#### Aim of the exercise
Only the lines in the entries below from the line with "Gurtband 25mm breit" to the line with "Устойчивая крем-краска для", both included, belong in the answer, transcribed exactly and without pictures.

#### Dataset
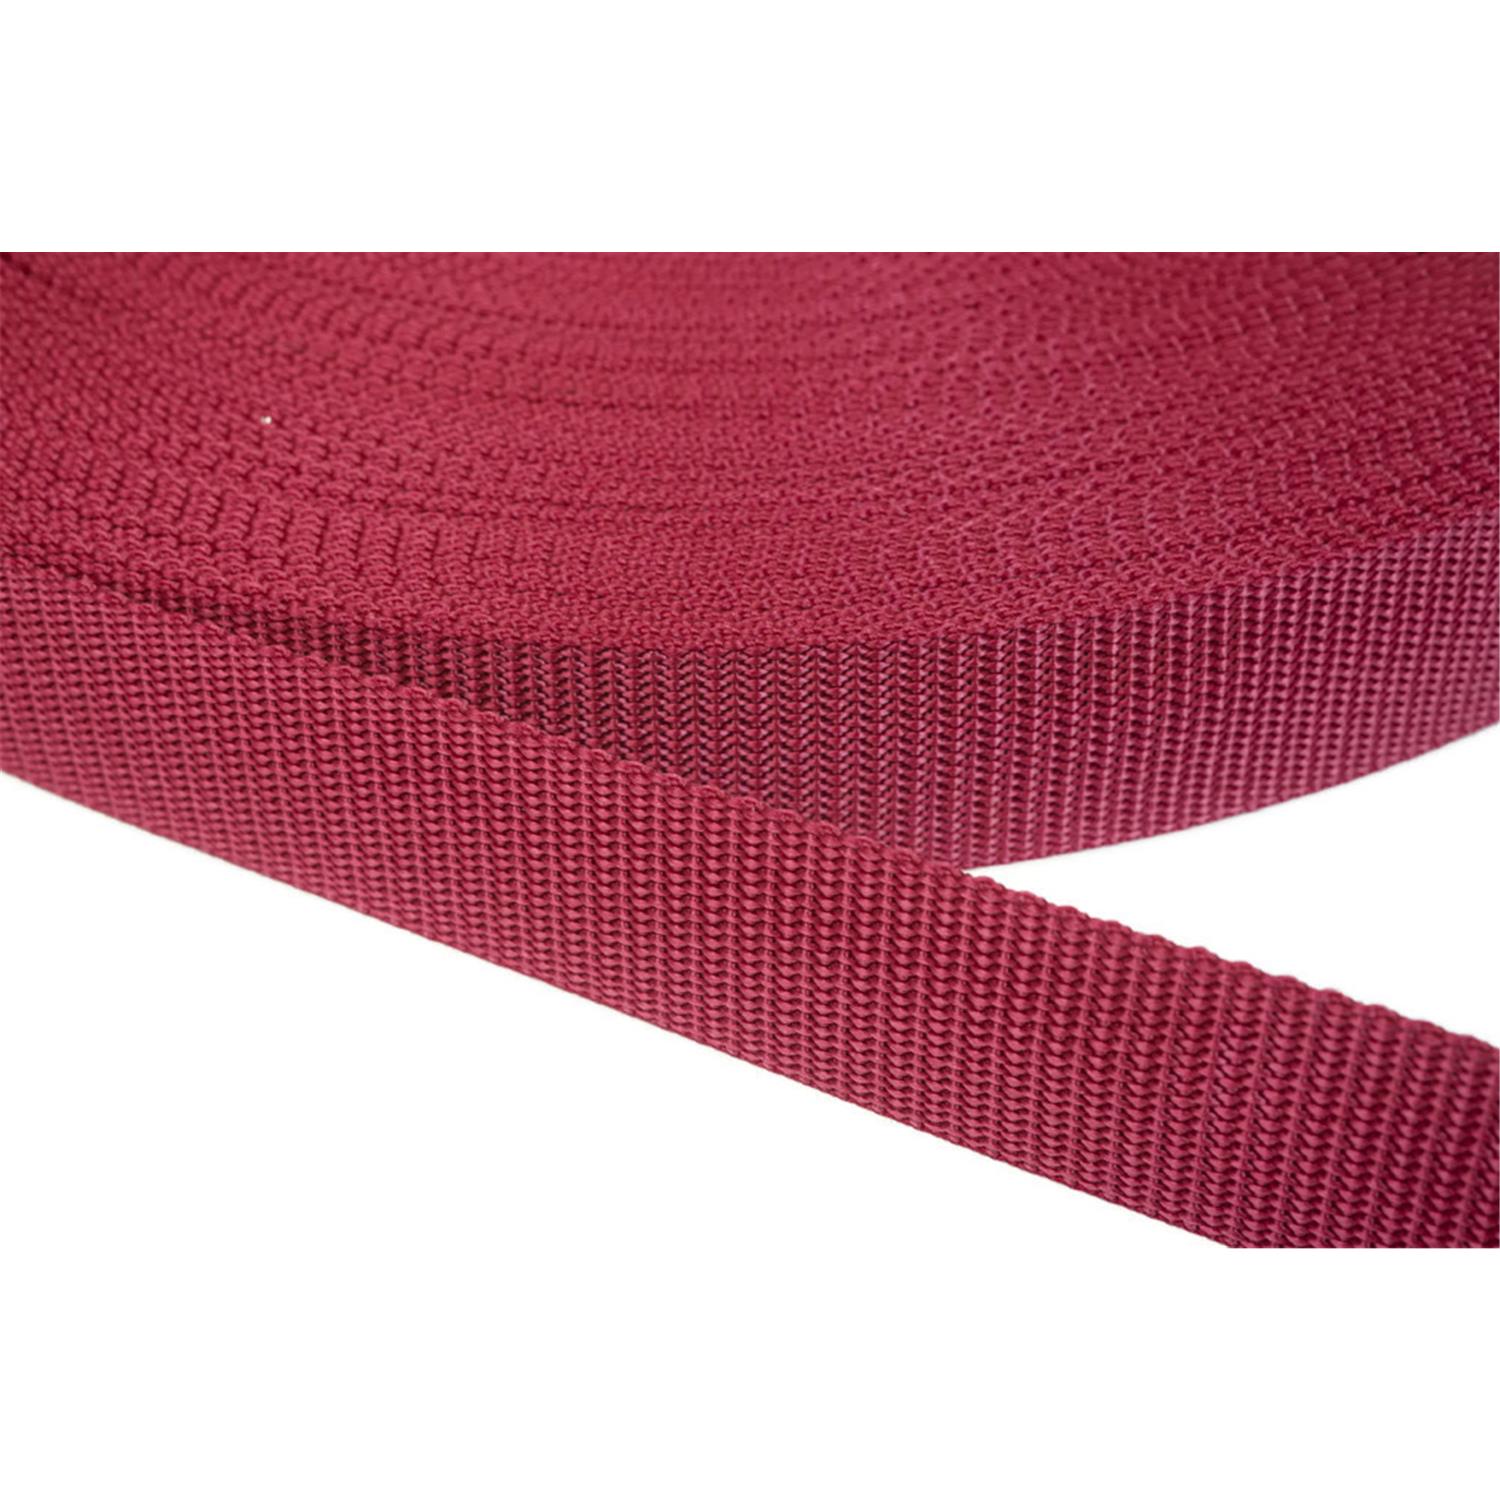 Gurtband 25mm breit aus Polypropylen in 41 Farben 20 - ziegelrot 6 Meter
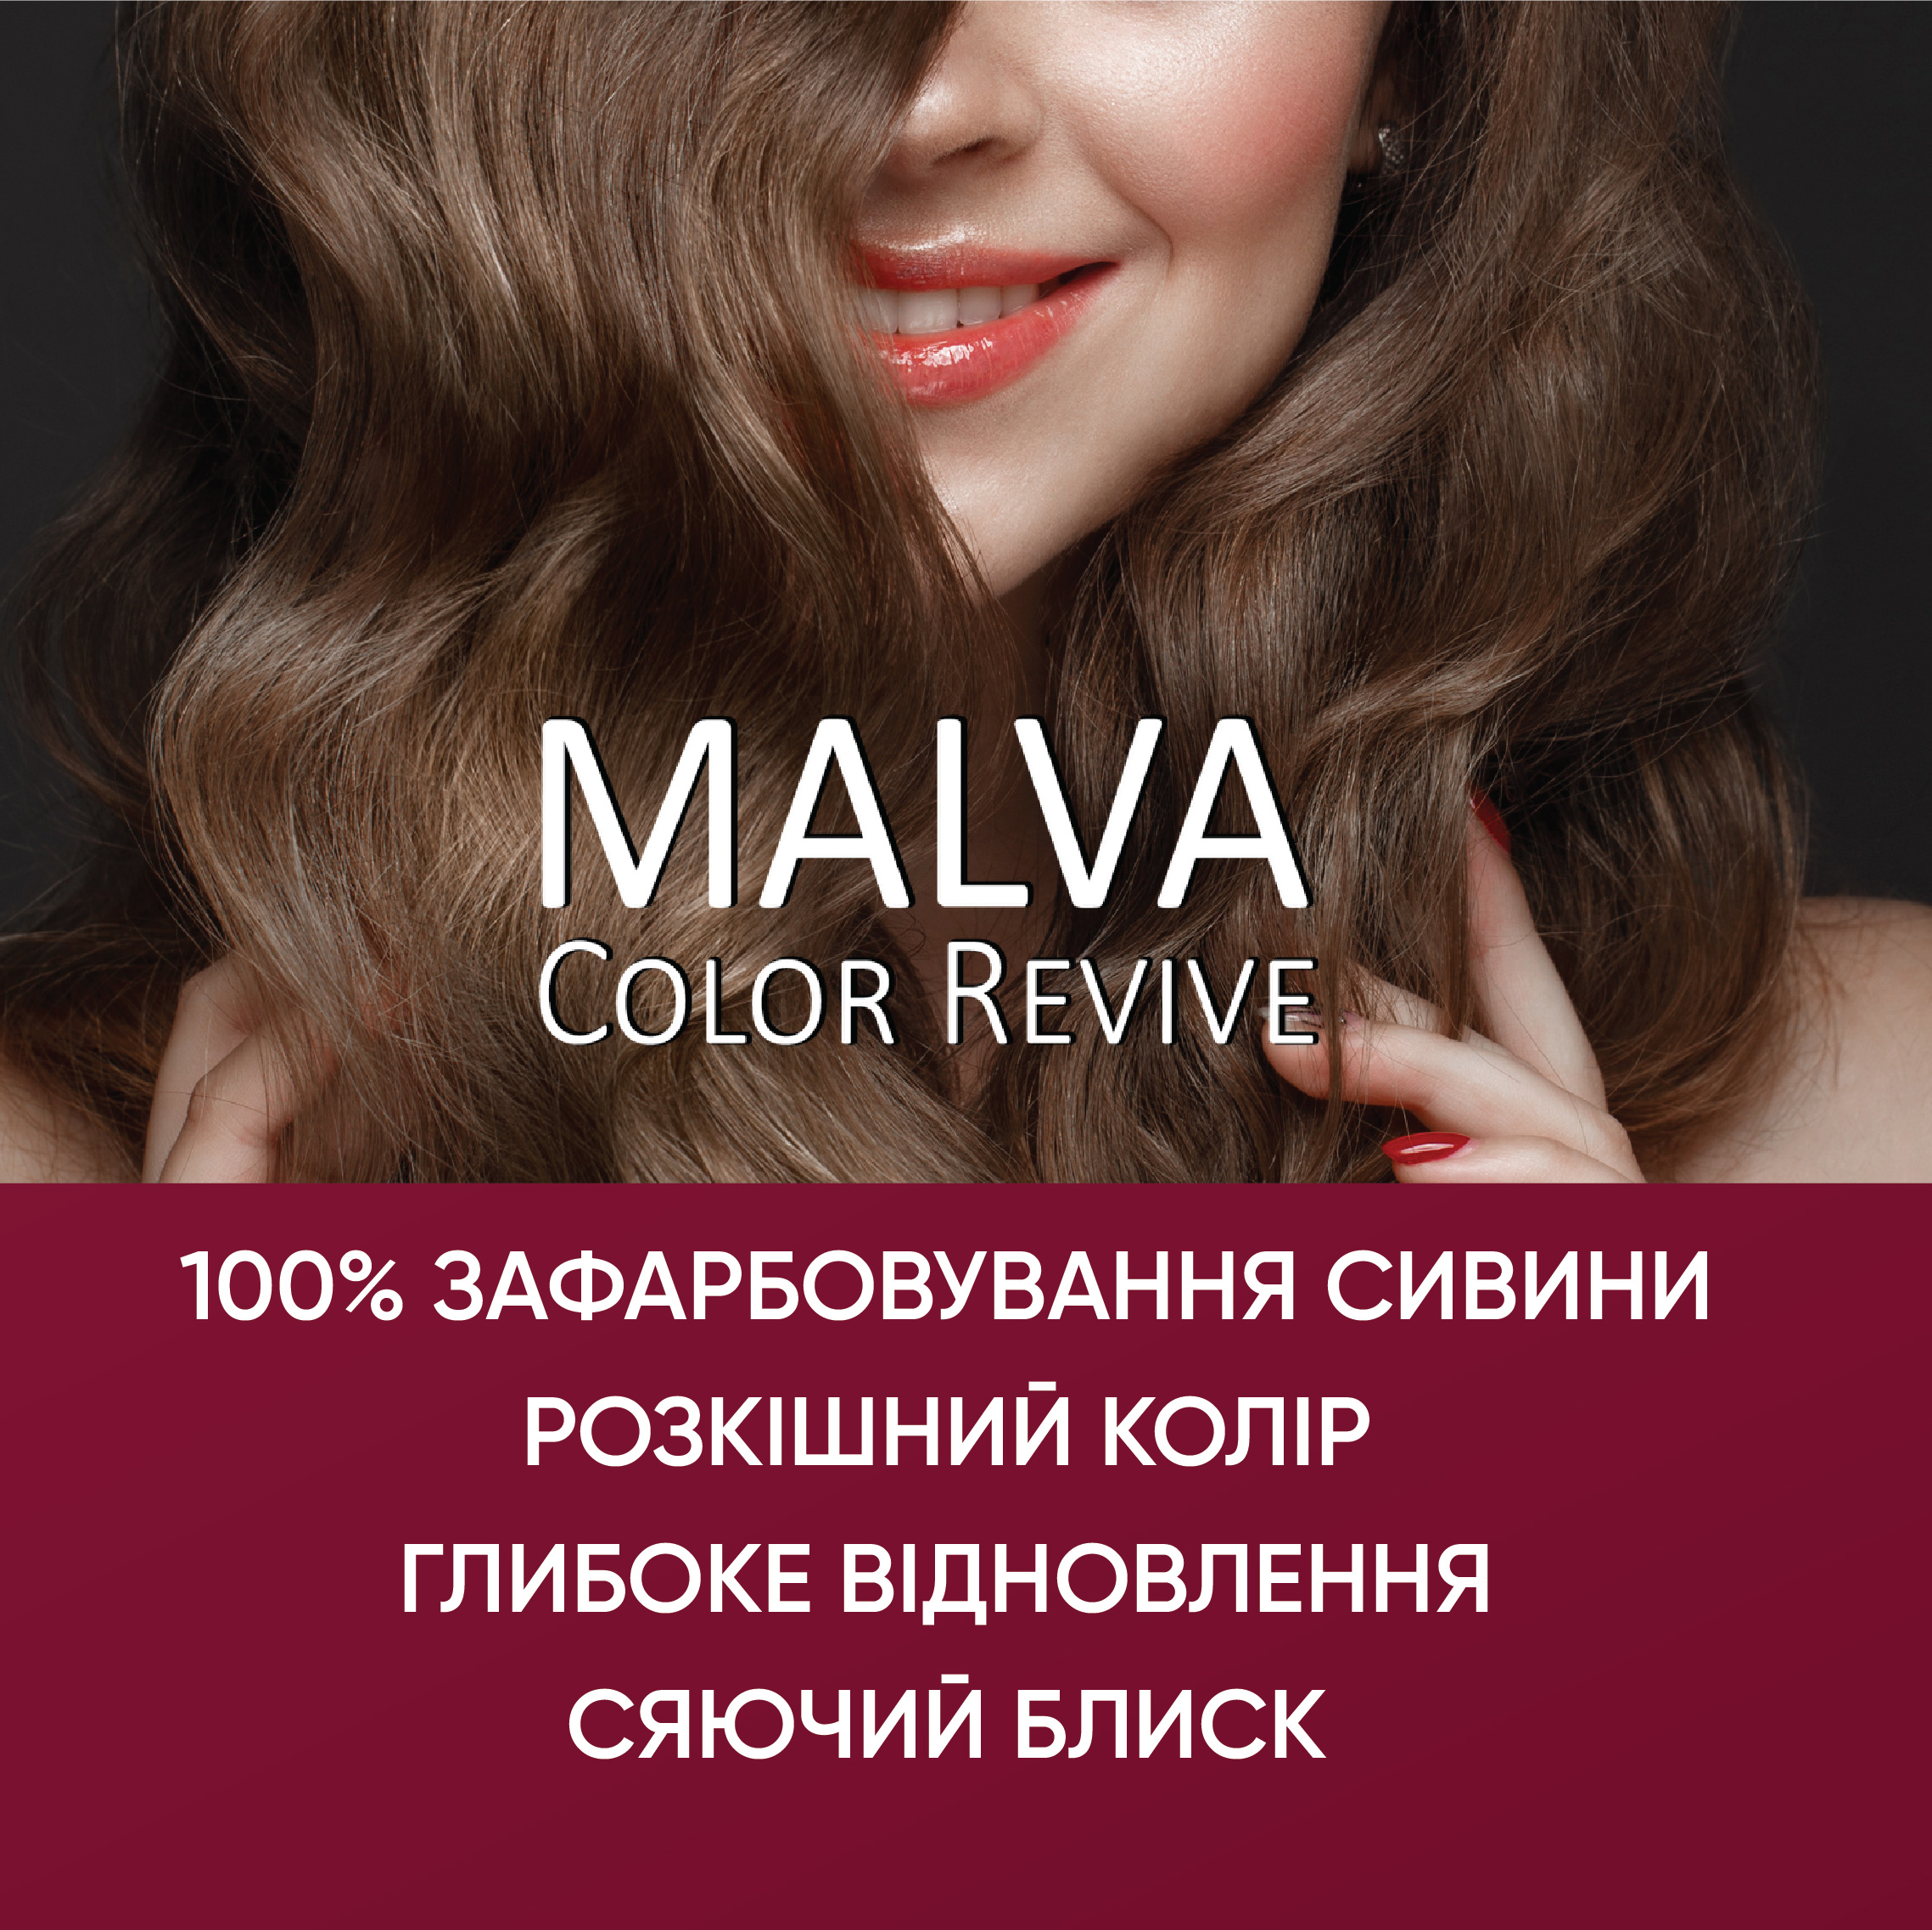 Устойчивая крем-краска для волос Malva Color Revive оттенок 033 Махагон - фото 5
...
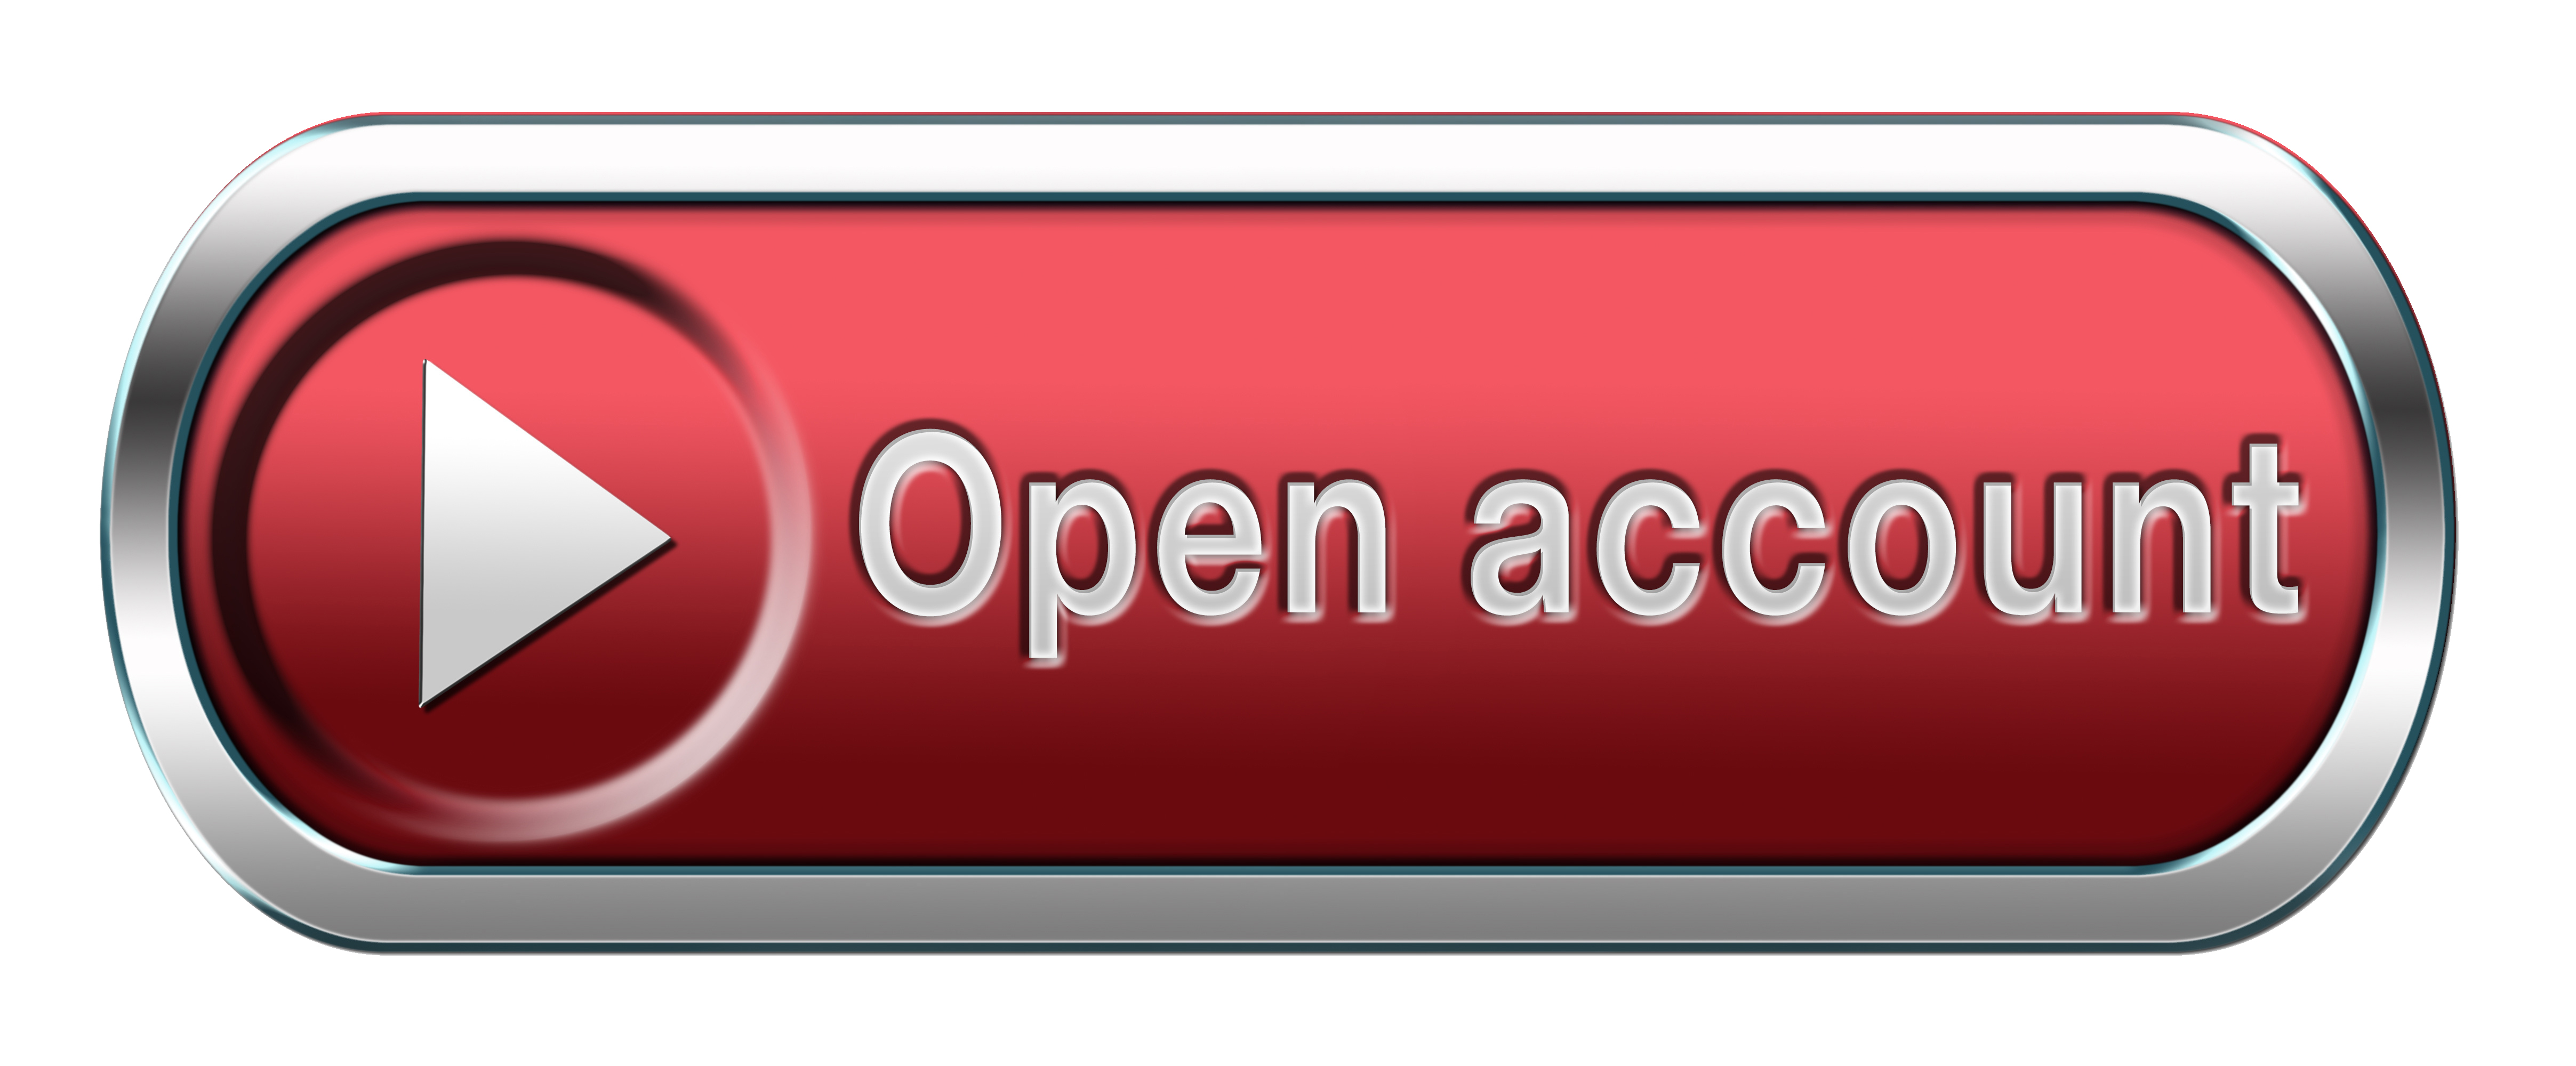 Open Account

#### Reply to the exercise
 Gurtband 25mm breit aus Polypropylen in 41 Farben 20 - ziegelrot 6 Meter
 Устойчивая крем-краска для волос Malva Color Revive оттенок 033 Махагон - фото 5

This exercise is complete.